Debo reconocer que sentí una gran envidia al ver lo en serio que se tomaban el sacrificio pascual.
Aquí, vuelta a la “realidad”, parece que tenemos ganas de irnos de misa. Como si fuéramos obligados y quisiéramos que la tortura durara lo menos posible. En cuanto un sacerdote se alarga un poco en la homilía ya se empieza a quejar la gente de que se hace largo, ni siquiera le escuchan.
Se supone que la Eucaristía es el momento central del católico. El centro de su vida. Deberíamos ir a misa con una mezcla de amor, devoción y respeto que no debería terminar al acabar la celebración. Así pues, si nos quejamos de ir a misa y de su duración, mal vamos. Más aún cuando lo único que se nos exige es tres cuartos de hora de nuestro tiempo (muchas veces ni siquiera llega). Reconozcámoslo, a lo largo de la semana malgastamos mucho más tiempo en absolutas banalidades. Sin embargo, no protestamos por ese tiempo perdido, pero sí por el tiempo que pasamos en lo que es el motor de nuestra vida.
Evidentemente algo está fallando cuando a muchos católicos les cuesta tanto algo tan importante. Está claro que no se entiende lo que es la misa, y que tampoco se quiere entender, por supuesto sin malicia. Se busca cumplir con el rito dominical y continuar con el resto de las actividades diarias. Y claro, si ese rito se alarga nos quita tiempo de esas importantes actividades, tan importantes como ver la televisión, leer el periódico, etc. Cosas que está claro que están por encima de nuestro alimento espiritual.

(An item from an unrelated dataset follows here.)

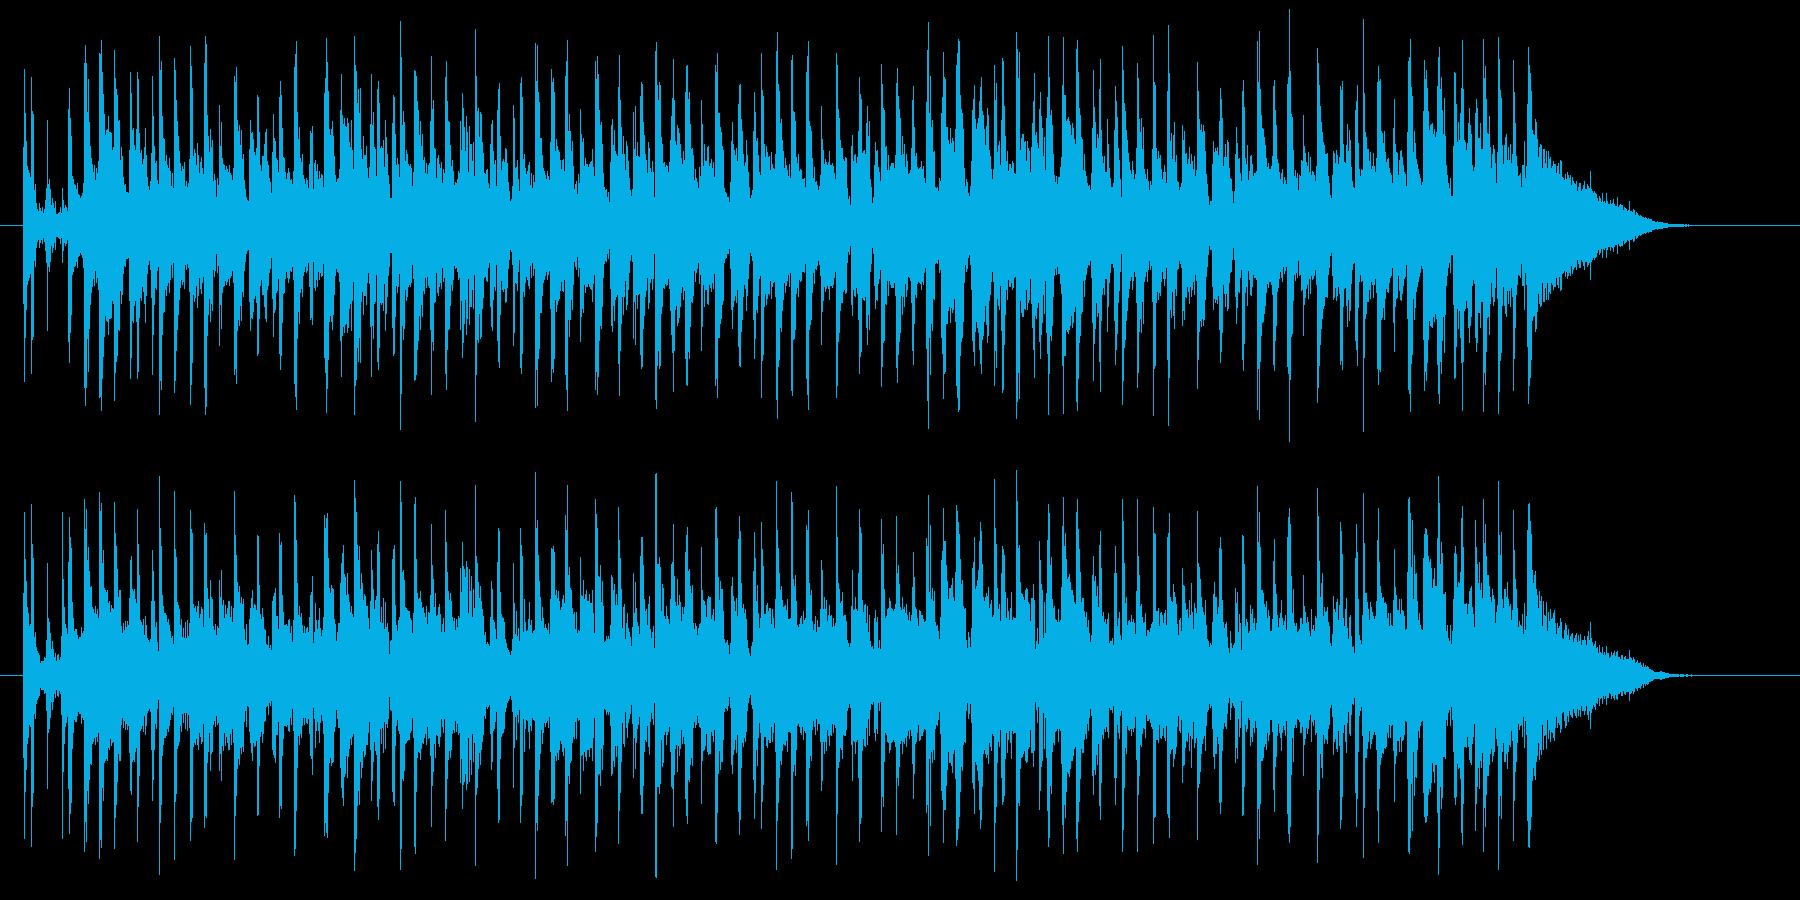 軽快でグルーヴィーなポップスのジングルの再生済みの波形

Pienso que todos deberíamos recapacitar, unos para dilucidar si realmente tenemos cosas más importantes que hacer que recibir el cuerpo sacramentado de Cristo y otros para averiguar cómo se podría dar a entender a estas personas el sentido y la belleza de la misa. Hasta entonces, pienso que lo mínimo que se puede pedir es respeto, tanto para no cuchichear como por aquellos que elevan las oraciones cantadas al final de la celebración. Su esfuerzo merece que nos quedemos a escucharlos, aunque sus cantos no estén dirigidos a nosotros sino a Dios.